Jeff and Don were as Connie last saw them: Don clutching the knife that had been stuck into his chest, the look of death on his face, and Jeff... cut to ribbons by every single sharp object in the house. Connie looked beyond Jeff to the stairwell, where an officer was examining a video camera that had been placed on the stairwell to record everything. The video camera was in pretty bad shape, however. It looked like it had sat in the sun for days. "Well, we won't get shit outta this camera." He mumbled. "The tape is more melted than a ice cube in Phoenix
on a summers day."
The sheriff paid no attention to the camera. He was too busy looking at Jeff. "Damn Connie... you sure went to town on this guy." Connie didn't respond to his comment.
One of the sheriff's deputies explained. "I don't know how she did it, but she force fed this guy every shard of glass and every other sharp object in the house... through his chest. But that's not the crazy thing... check this out."

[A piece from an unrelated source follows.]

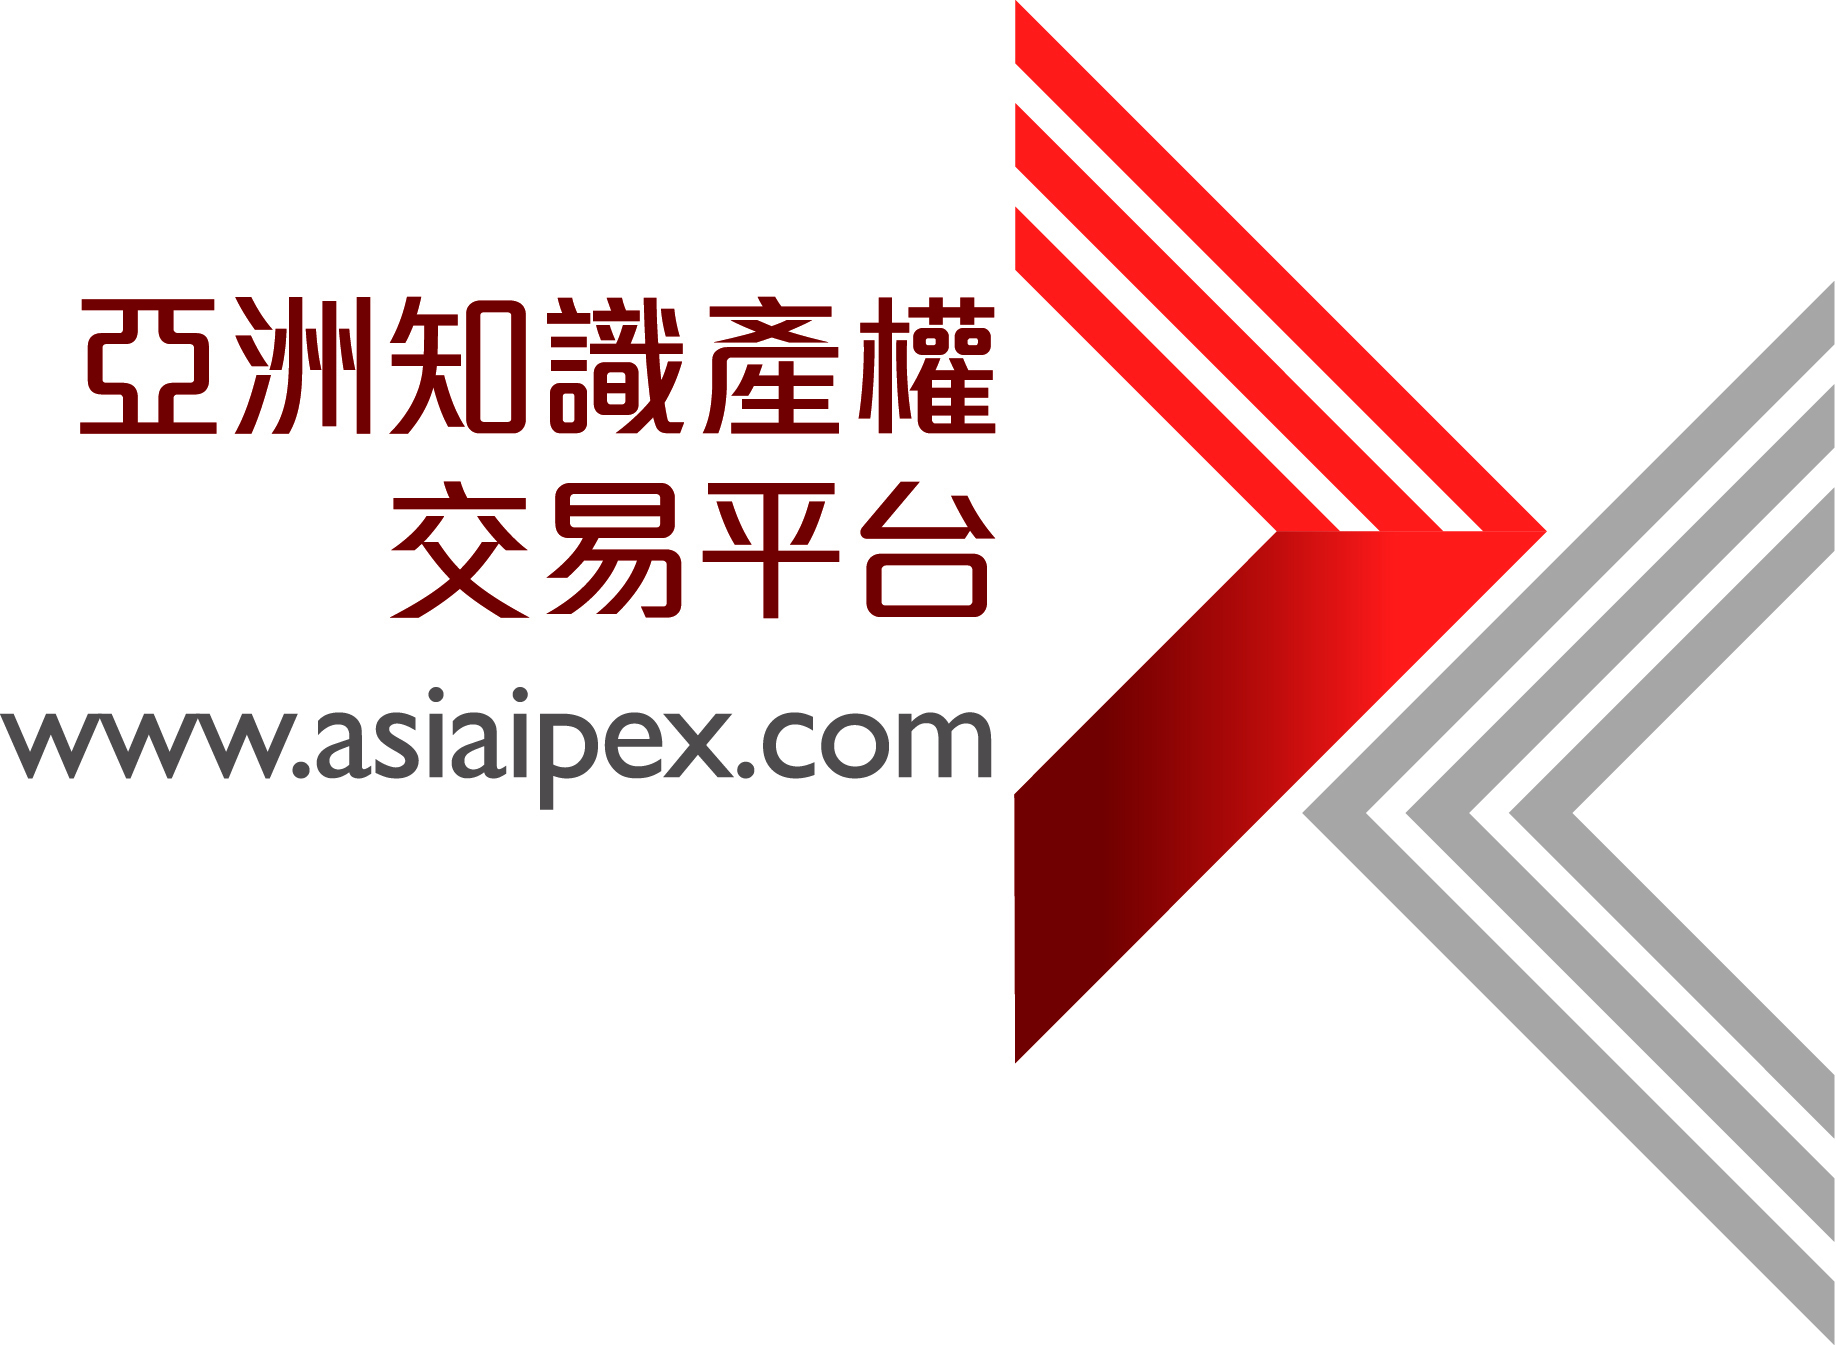 亚洲知识产权交易平台 (AsiaIPEX) - 推出免费知识产权实用指南

The deputy led them into the living room. Connie gasped when she saw what he wanted to show them. In the midst of the rubble that use to be her coffee table, there was a corpse. The corpse appeared to have broken out of the floorboards and it was in a position that made it look like it was pulling itself out.
The sheriff looked at Connie. "Congratulations, you found Mary."
* * *
Epilogue
Although the case had been solved, Sheriff Franklin really wanted to know what had gone on in that house. Connie had been very short on details... and even words. She hadn't done anything wrong, of course... she caught two very heinous killers. But how she killed Jeff really bothered him.
His officers had gone through a lot to try to get at least some images off of the melted tape they found on the stairwell. It would have captured everything. Unfortunately, it seems as if someone almost baked it in an oven. But that, the crime lab in a neighboring city had told him, was impossible. In fact, the whole camera melting deal was impossible. Also stricken as impossible was Jeff's death. There is no way, the lab said, a single woman could have done that to him.
The sheriff put the picture down and picked up another. It was a picture of Mary's corpse. It had, after all, been identified to be hers. Jeff and Donald had buried it in the living room, beneath the floorboards. Connie had obviously found it, but why on Earth did she have the notion to make it pose in such a position like that? This led Franklin to put the picture down and pick up Connie's psychological profile, as put together by a psychologist working, again, at the lab in the neighboring town. He thumbed through it and frowned. Nothing. She was perfect.
Perfect until now. She had become another missing person. She had replaced Mary in the file cabinet of other missing persons. She vanished without a trace, without a reason, and most importantly... without answers. The sheriff put all the pictures and her profile back into the folder and threw it back in the cabinet. Cases like this usually don't get solved. In the rare case they do, they usually end up as foul play. They usually end up found in a gutter years later, or perhaps in the forest... maybe even beneath someone's floorboards. The sheriff sighed and left his office, turning the light out.
On the other side of town, a woman walked out of town in the dark of night. Just another ghost roaming the countryside. Just another lost soul, searching for closure. Just another bump in the night.